We apply this optimization technique to $n=7, d=7,8$ to reduce the search space further.

In [4]:
to_compute = [(7,7), (7,8)]
for n, d in to_compute:
    pos_support_size = n + 1
    data = find_positive_supports(pos_support_size, d)
    total_start_time = time.perf_counter()
    min_data = find_minimal_sets_parallel(data)
    iter_elapsed_time = time.perf_counter() - total_start_time
    print(f"n={n:<2}, d={d:<2} | Mininmal supports found: {len(min_data):<7} | Time: {iter_elapsed_time:>5.2f}s", flush=True)

n=7 , d=7  | Mininmal supports found: 15779   | Time:  5.28s
n=7 , d=8  | Mininmal supports found: 64000   | Time: 63.35s


### Computations $\Delta_8$ (Minimal support)

We apply this optimization technique to $n=8, d=8,9$ to reduce the search space further.

In [7]:
to_compute = [(8,8), (8,9)]
for n, d in to_compute:
    pos_support_size = n + 1
    data = find_positive_supports(pos_support_size, d)
    total_start_time = time.perf_counter()
    min_data = find_minimal_sets_parallel(data)
    iter_elapsed_time = time.perf_counter() - total_start_time
    print(f"n={n:<2}, d={d:<2} | Mininmal supports found: {len(min_data):<7} | Time: {iter_elapsed_time:>5.2f}s", flush=True)

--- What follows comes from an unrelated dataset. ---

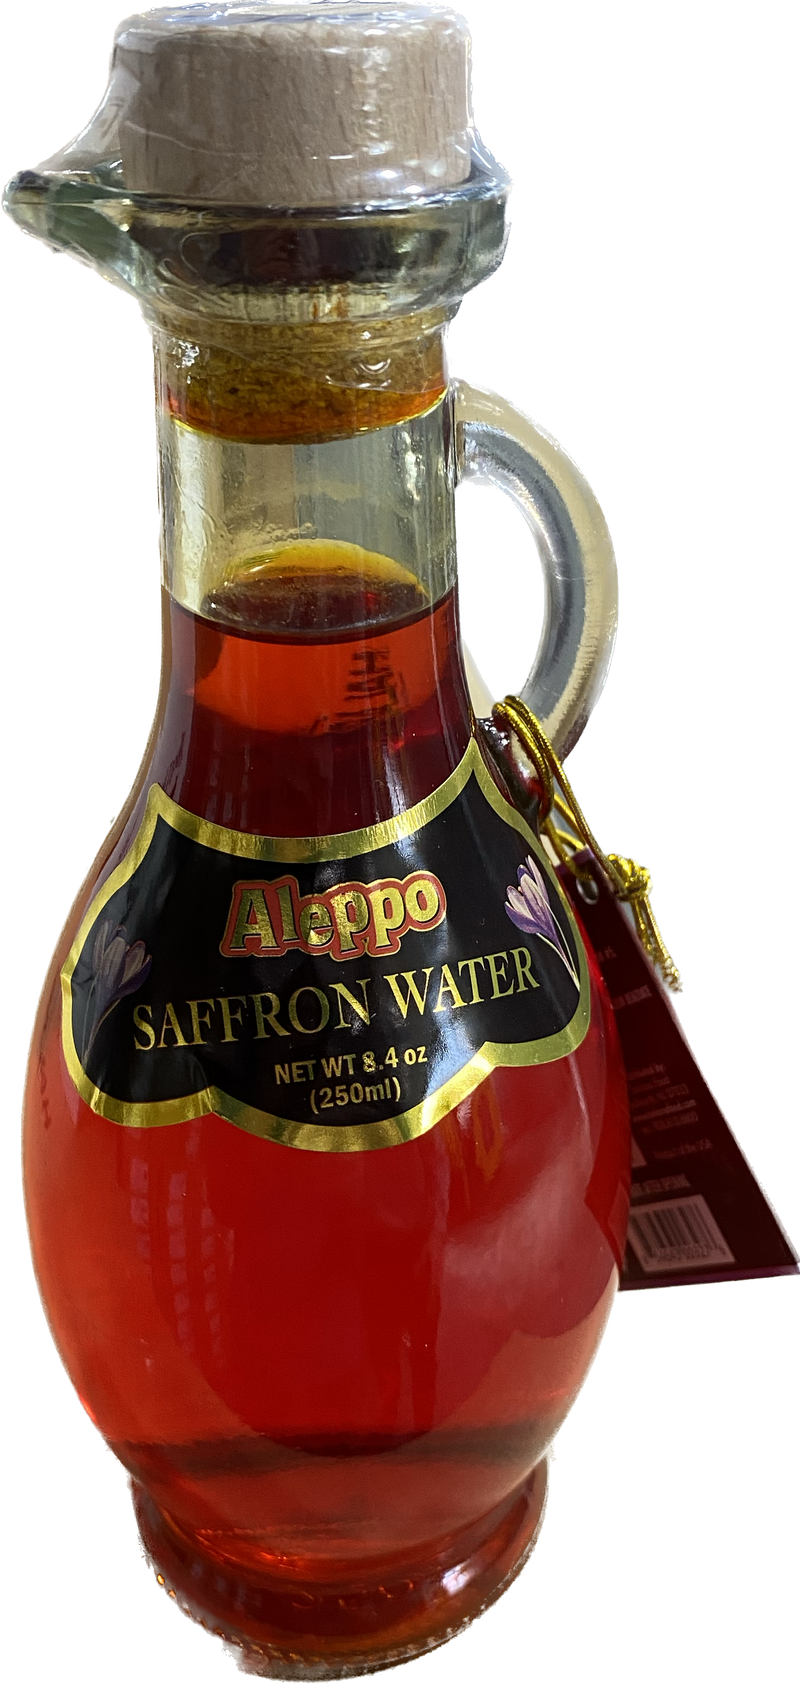 Aleppo Saffron Water (8.4oz) - Papaya Express

n=8 , d=8  | Mininmal supports found: 66830   | Time: 102.85s
n=8 , d=9  | Mininmal supports found: 462075  | Time: 3950.16s


## Serializing candidate supports

To serialize the candidate supports for later computations, include the following code.

In [None]:
with open(f'data/n{n:02d}_d{d:02d}.pkl', 'wb') as f:
        pickle.dump(possible_supports, f)
        print(f"Serialized to {f.name}")
        print("------------------------------------")

To deserialize the candidate supports, use

In [None]:
with open(f'data/n{n:02}_d{d:02}.pkl', 'rb') as f:
    data = pickle.load(f)